▶ Exercise instructions: Render every line of the data exactly as written, and leave out the pictures.

▶ Provided data:
- - -

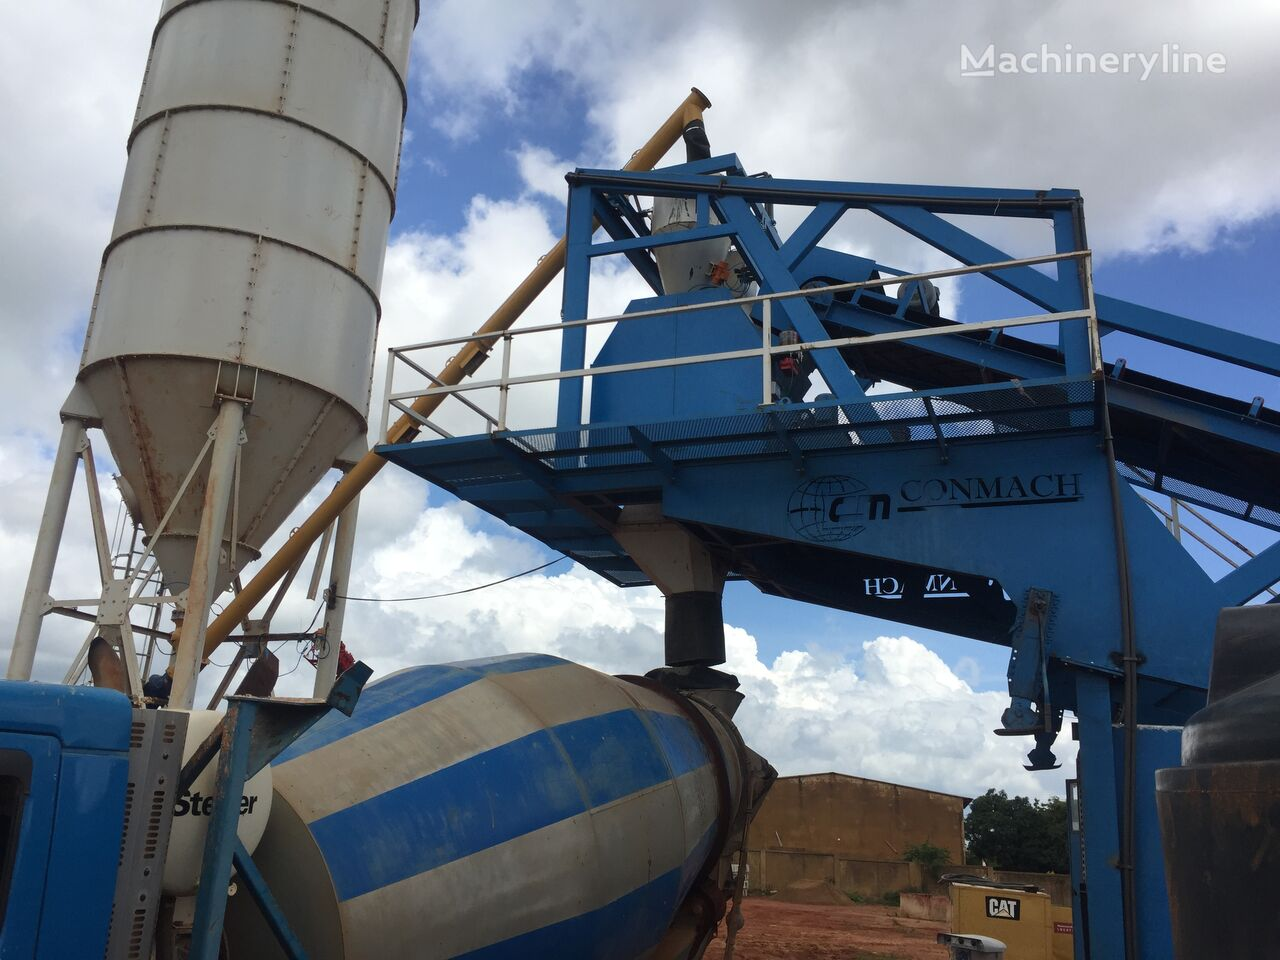 nieuw CONMACH MobKing-60 Concrete Mobile Batching Plant - 50 m3/h betoncentrale
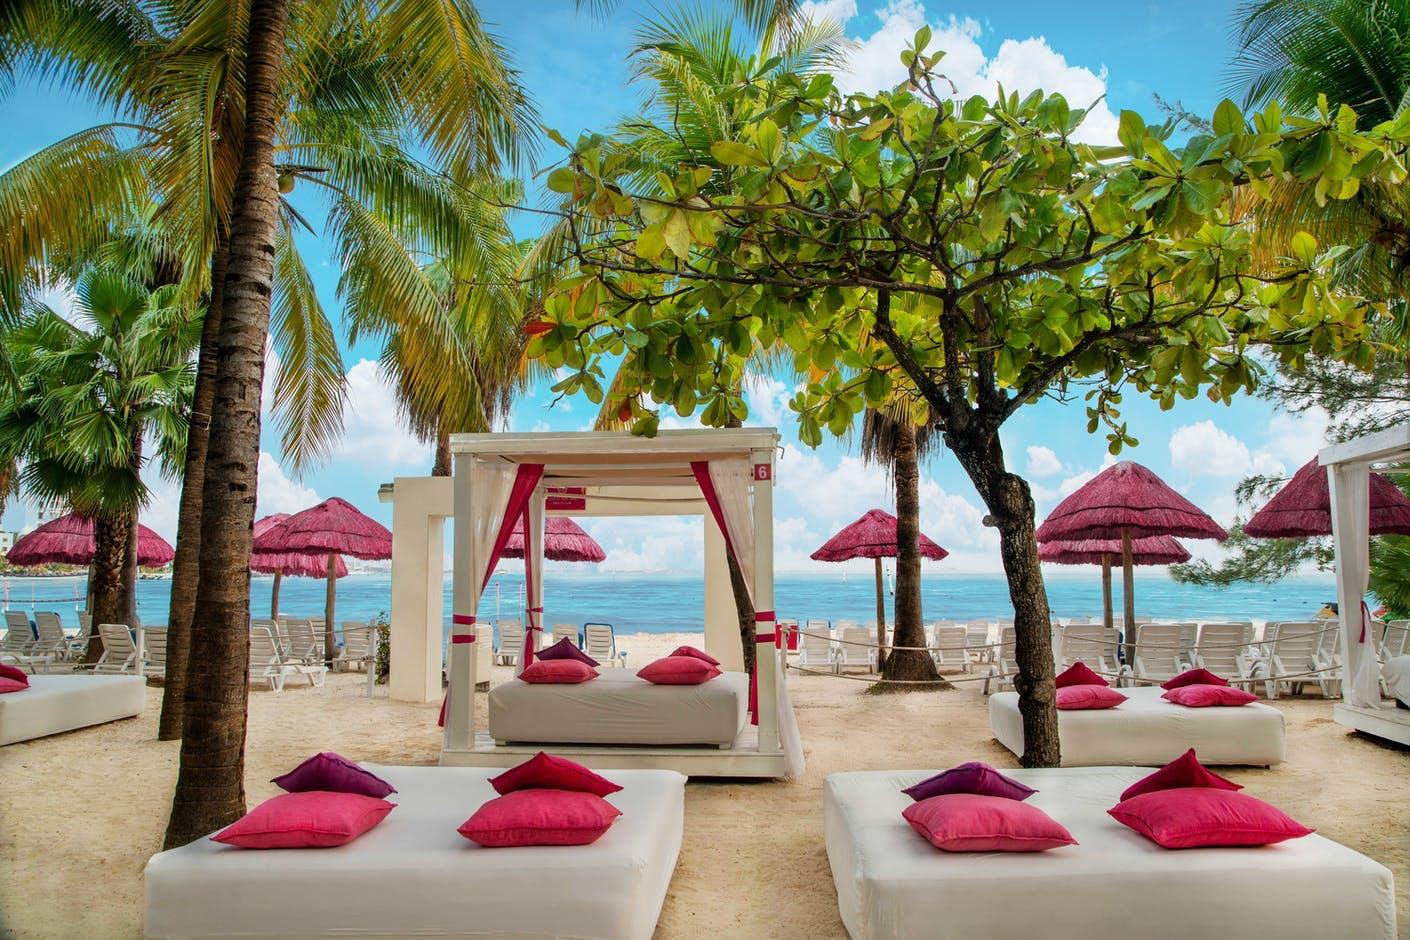 Oasis palm beach
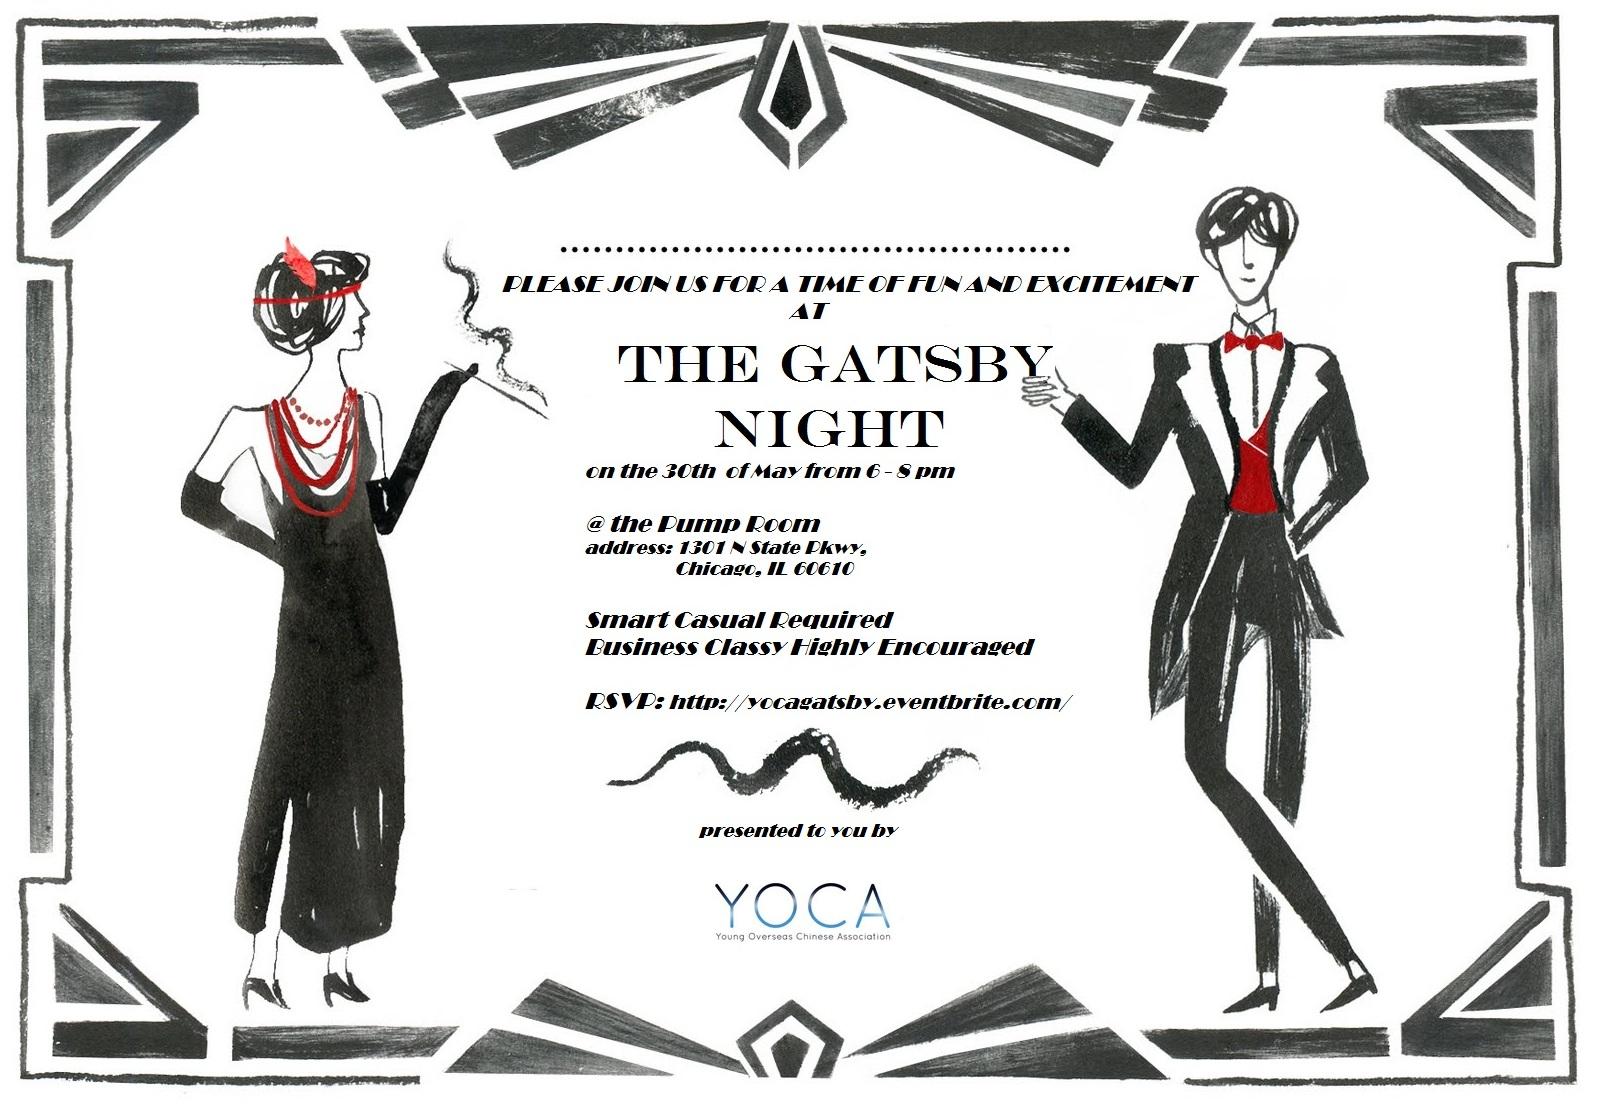 the gatsby night

- - -

▶ Expected output:
 nieuw CONMACH MobKing-60 Concrete Mobile Batching Plant - 50 m3/h betoncentrale
 Oasis palm beach
 the gatsby night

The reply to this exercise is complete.